A prior population-based study underscored the importance of density measures in abdominal fat and their relationships to cardiometabolic risk [1]. Denser fat by CT is associated with higher adiponectin and lower leptin [5], suggesting an improved metabolic state. Several studies have reported that RYGB surgery leads to increased adiponectin concurrent with decreased leptin and reductions in adipose inflammatory markers such as CRP, IL-6, and TNF-α soluble receptor-1 [6]. Although we did not obtain circulating adipocytokines, we found a 59 % decrease in CRP at 12 months that correlated with increased VAT density after RYGB, independent of VAT loss or BMI decrease.

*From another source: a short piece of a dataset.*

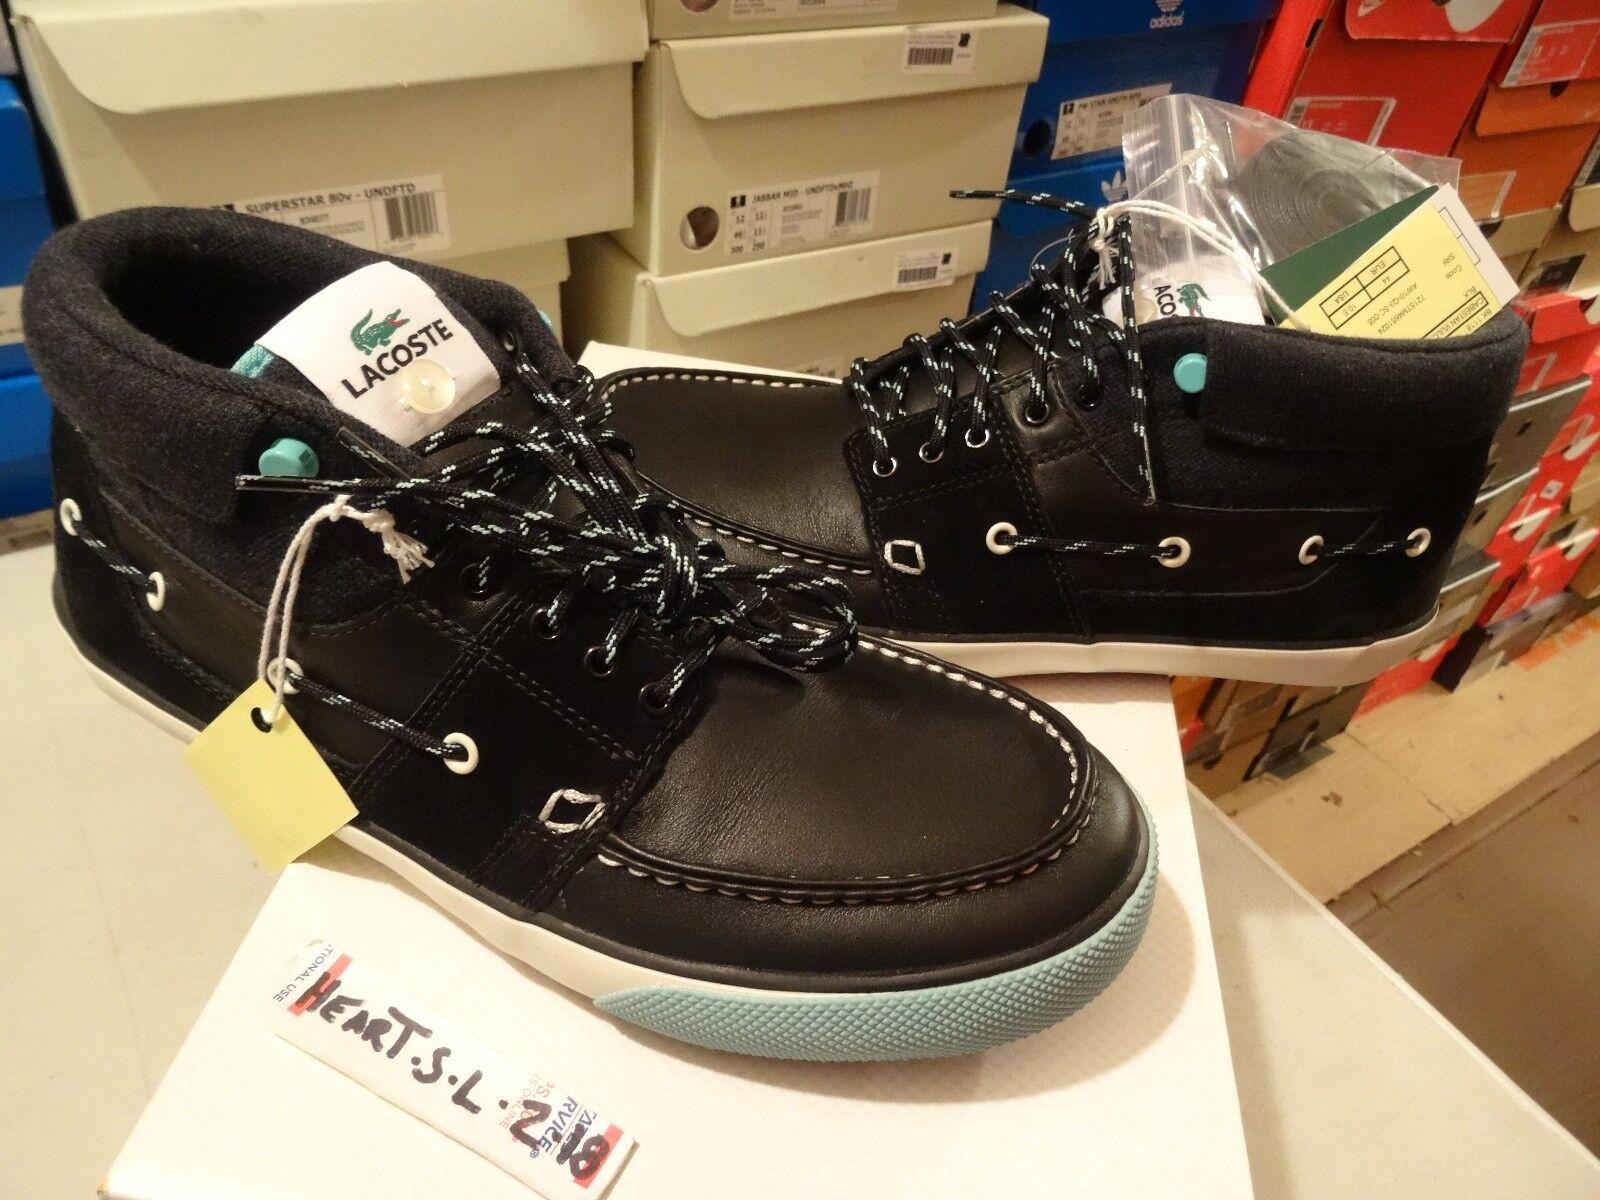 NEW LACOSTE LEGENDS CABESTAN VULC MID LSF2 STM scarpe da ginnastica FREAKER BLK blu SZ 10.5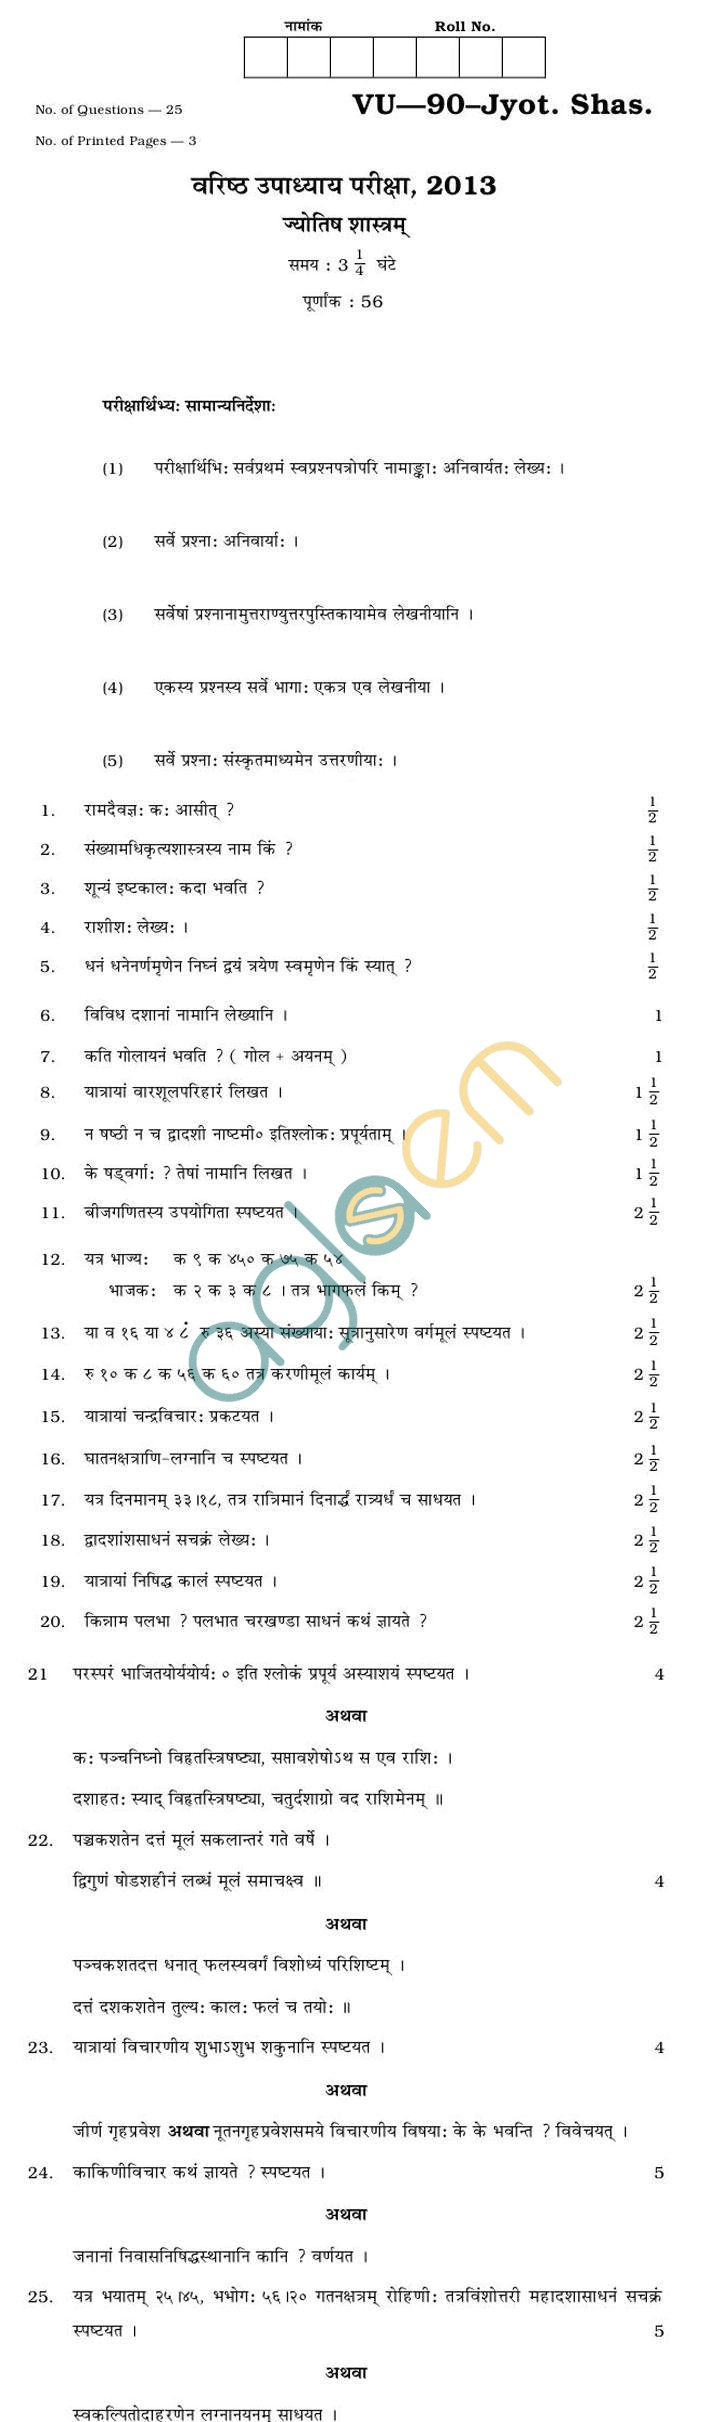 Rajasthan Board V Upadhyay Jyotish Shastram Question Paper 2013

Prior evidence points towards a link between visceral fat mass and systemic inflammation, suggesting that VAT is an important site for IL-6 secretion and may regulate hepatic production of acute-phase reactants [7]. Our results support the hypothesis that density changes in VAT by CT may partly influence improvement of systemic inflammation.

Similar to a prior report [8], we documented improvements in lipid profile 12 months after RYGB. Prior evidence suggests decreased absorption of lipids after RYGB, which may reflect changes in the liver-gut axis regulating dietary cholesterol absorption [8]. In addition, we found that increased SAT density was a strong predictor of increased HDL cholesterol independent of SAT loss, BMI decrease, or statin use at 12 months. Postoperative increase in HDL cholesterol has been suggested as a promoter and strong predictor of improved microvascular function in subjects with metabolic syndrome undergoing bariatric surgery [9]. Therefore, increased SAT density after RYGB may reflect improved capillary recruitment because of improved HDL cholesterol. Interestingly, we observed that 12-month increase in SAT density was associated with higher total fat loss. It has been previously reported that morbidly obese adults with the lowest fat mass loss after bariatric surgery have the greatest persistence of local fibrosis within SAT despite improvement of adipocyte hypertrophy and inflammatory infiltration [10]. Whether SAT density also reflects structural changes that influence the degree of SAT loss after RYGB will require more detailed pathologic investigation.

In conclusion, CT density of abdominal fat increases after bariatric surgery and correlates with improved metabolic indices potentially serving as a noninvasive marker of change in adipose tissue characteristics.